[2020.08.07-5] i915 GPU hang report on 5.8.0-1-MANJARO kernel
This is another one case of GPU hang on the same PC (HW + Linux distro). It is my ongoing 1.5-month long rally of PC freezes and GPU hangs.
Since prev. report #2313 (closed) got these packages updates:
grep --text -iE 'installed|upgraded' '/var/log/pacman.log' | tail -n 50
...
[2020-08-07T16:43:03+0000] [ALPM] upgraded linux419 (4.19.137-1 -> 4.19.138-1)
[2020-08-07T16:43:04+0000] [ALPM] upgraded linux54 (5.4.56-1 -> 5.4.57-1)
Further ticket: #2315 (closed)
My PC experienced about >100 times of (PC freezes + GPU hangs) during last 6 weeks on every kernel 'family' (4.19, 5.4, 5.7, 5.8-rc) avail. in the distro. 4.19 looks like more stable and usually (but far away from always) able to reset GPU and to continue to work without the PC reboot. The more modern kernel version the much faster GPU hangs without any software reset (which 4.19 kernel can do) or PC freezes.

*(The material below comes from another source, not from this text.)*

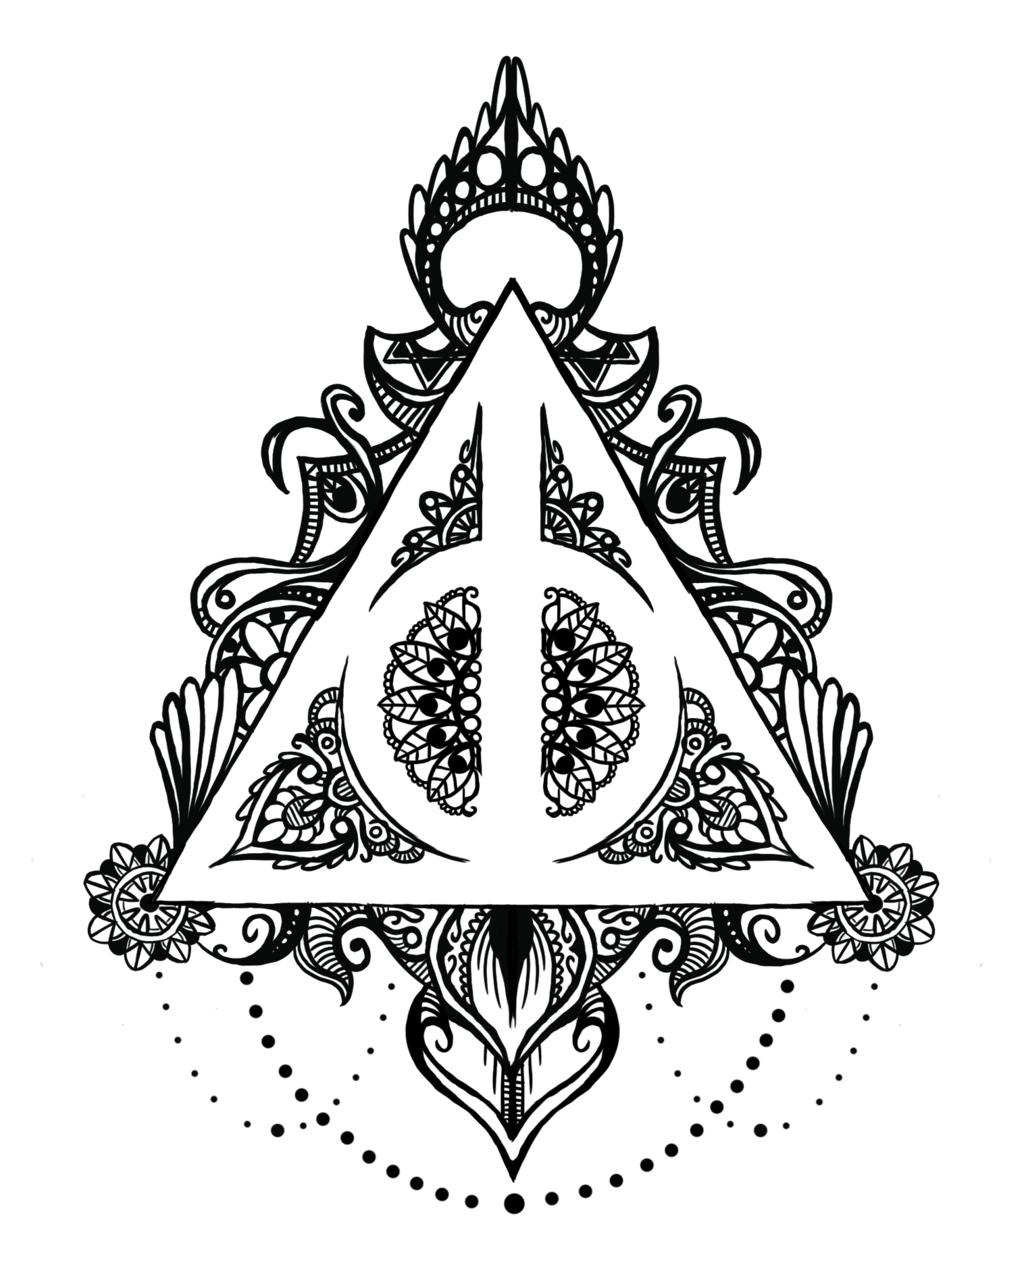 Deathly Hallows Mandala by midlifebeef51 on DeviantArt

PC freeze or GPU hang usually happens while semi-transparent, fade in/out, blur effects is/are in action.
I have a feeling that fast occurred serie of GPU hangs leads PC to freeze. If only one-two GPU hang happened 'at once' than PC may freeze or may not freeze.

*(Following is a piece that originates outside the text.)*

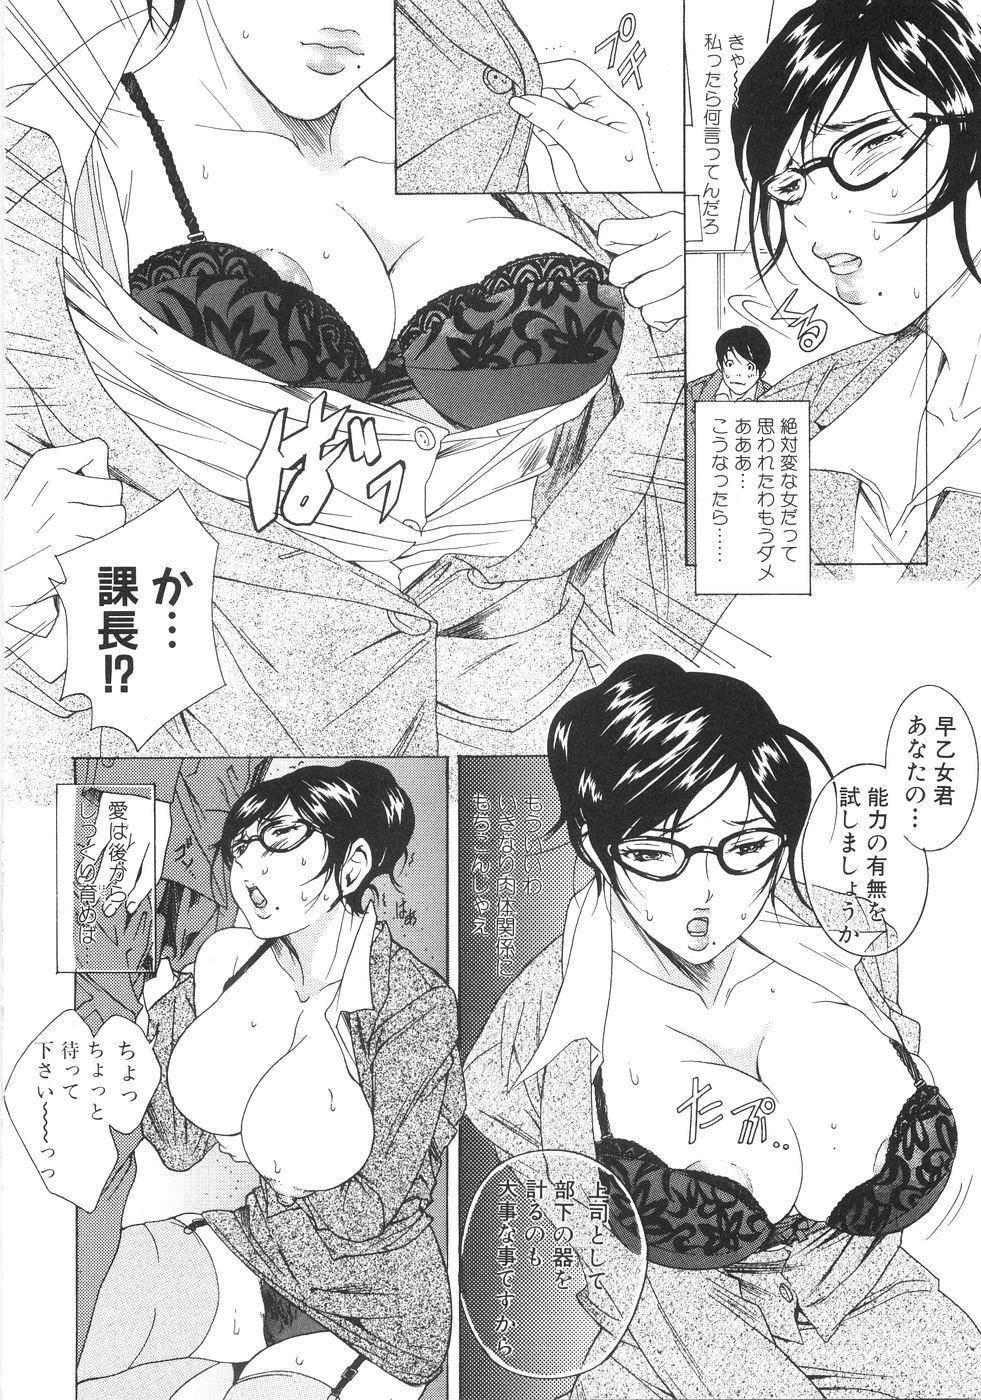 Honki Jiru - Cowper's Gland Liquid? or Love Juice?...?! 42

Steps to reproduce the issue in this ticket
I was acting on the PC about 15 minutes (a few minutes of youtube video and then about 7-8 minutes of online 3D in-browser game cs-online.club). After play on one server I leave it in a list of servers I choose another one and loading resources phase started. After it it was Connecting...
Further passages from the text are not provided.